■ **What to produce**: Everything from the line with "bubufubu: Joe &" to the line with "BFE北京加盟展logo-01.jpg" in the listing below, both lines included, needs to be copied exactly, apart from the pictures.

■ **Task data**:
╔══
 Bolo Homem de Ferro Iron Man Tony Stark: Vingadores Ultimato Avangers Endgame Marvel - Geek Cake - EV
╚══
╔══
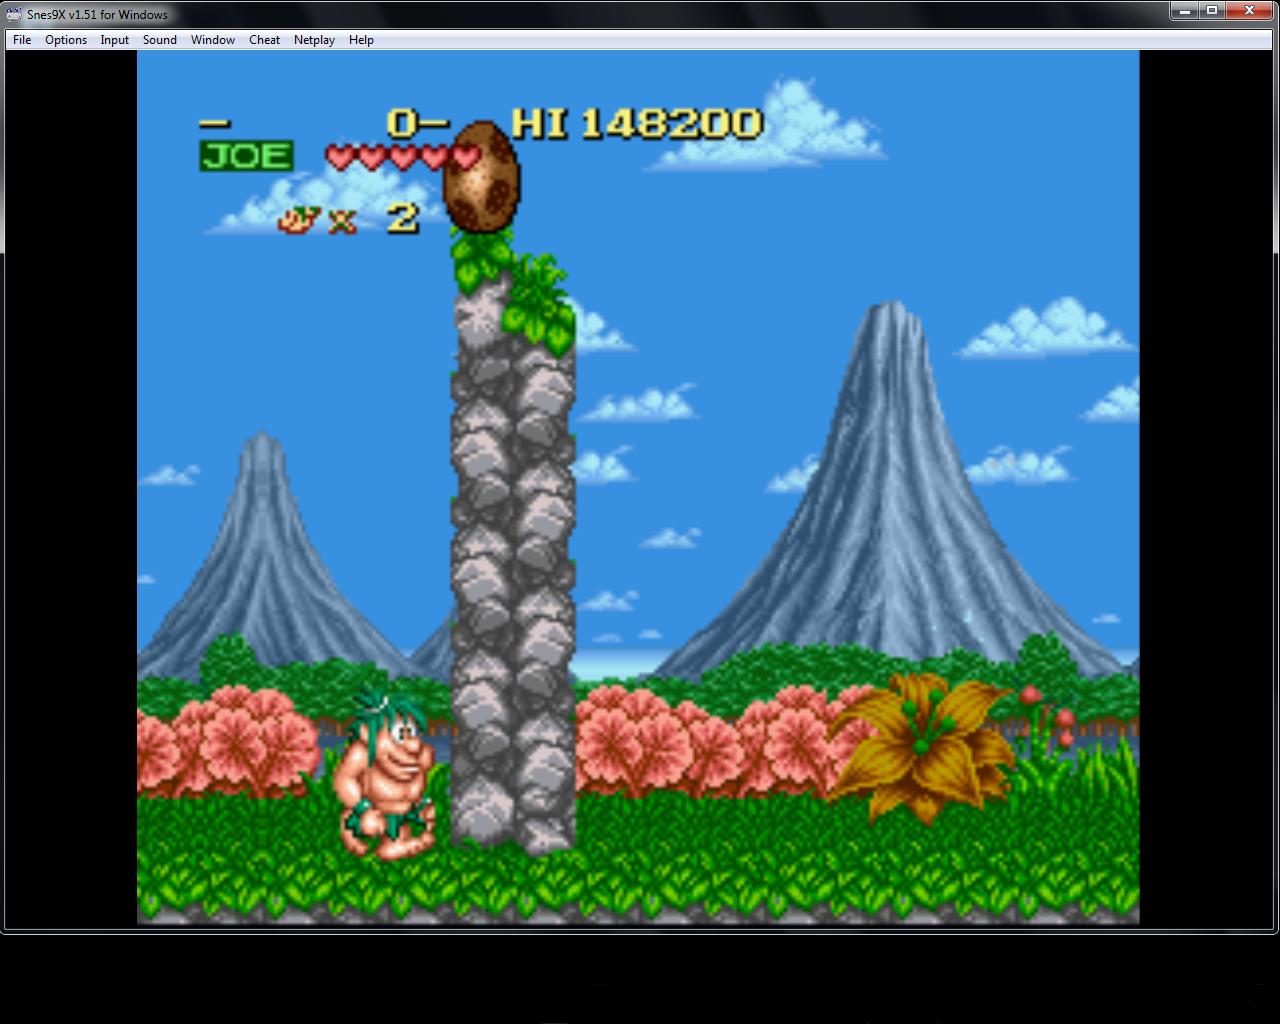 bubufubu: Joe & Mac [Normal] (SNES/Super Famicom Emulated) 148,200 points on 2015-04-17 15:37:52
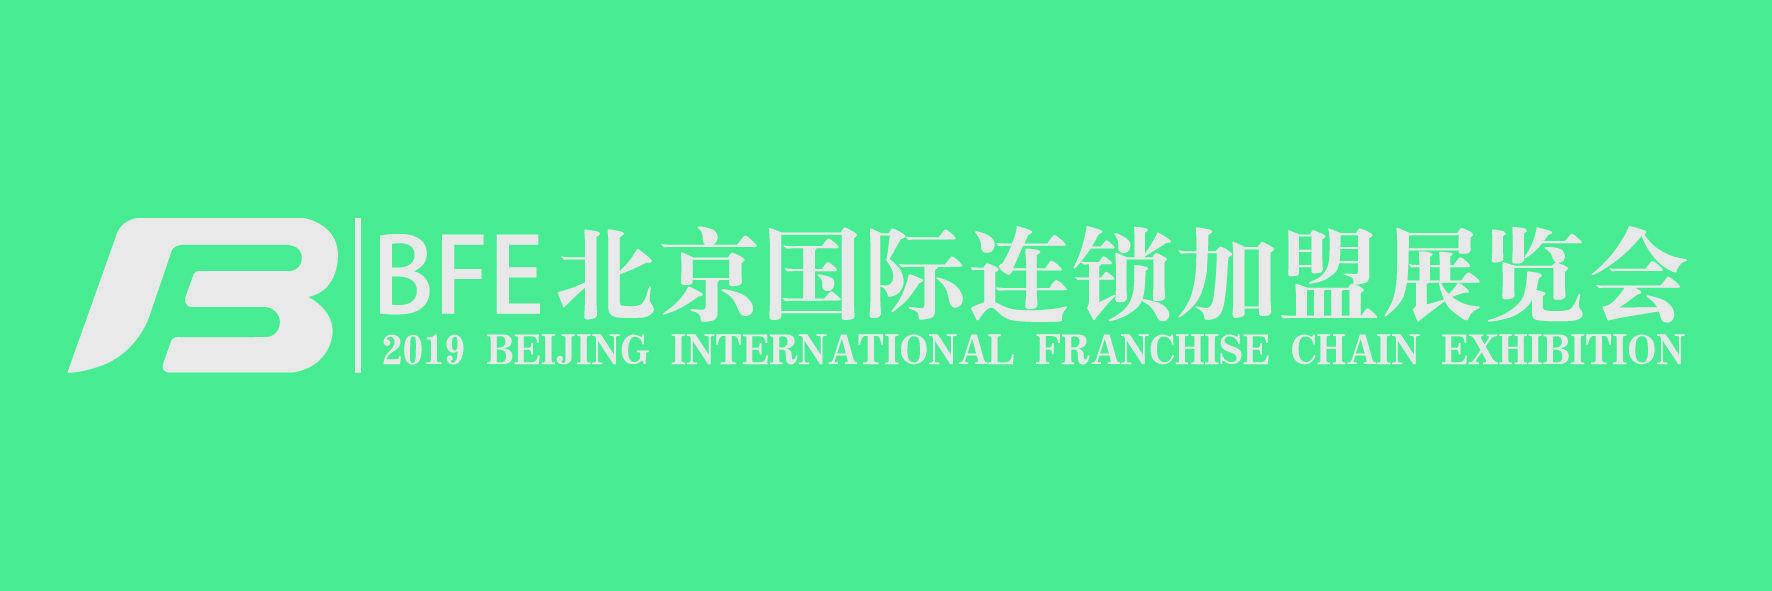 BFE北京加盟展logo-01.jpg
╚══
╔══
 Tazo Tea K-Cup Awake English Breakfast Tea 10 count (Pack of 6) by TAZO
╚══
■ **Reply to the task**:
 bubufubu: Joe & Mac [Normal] (SNES/Super Famicom Emulated) 148,200 points on 2015-04-17 15:37:52
 BFE北京加盟展logo-01.jpg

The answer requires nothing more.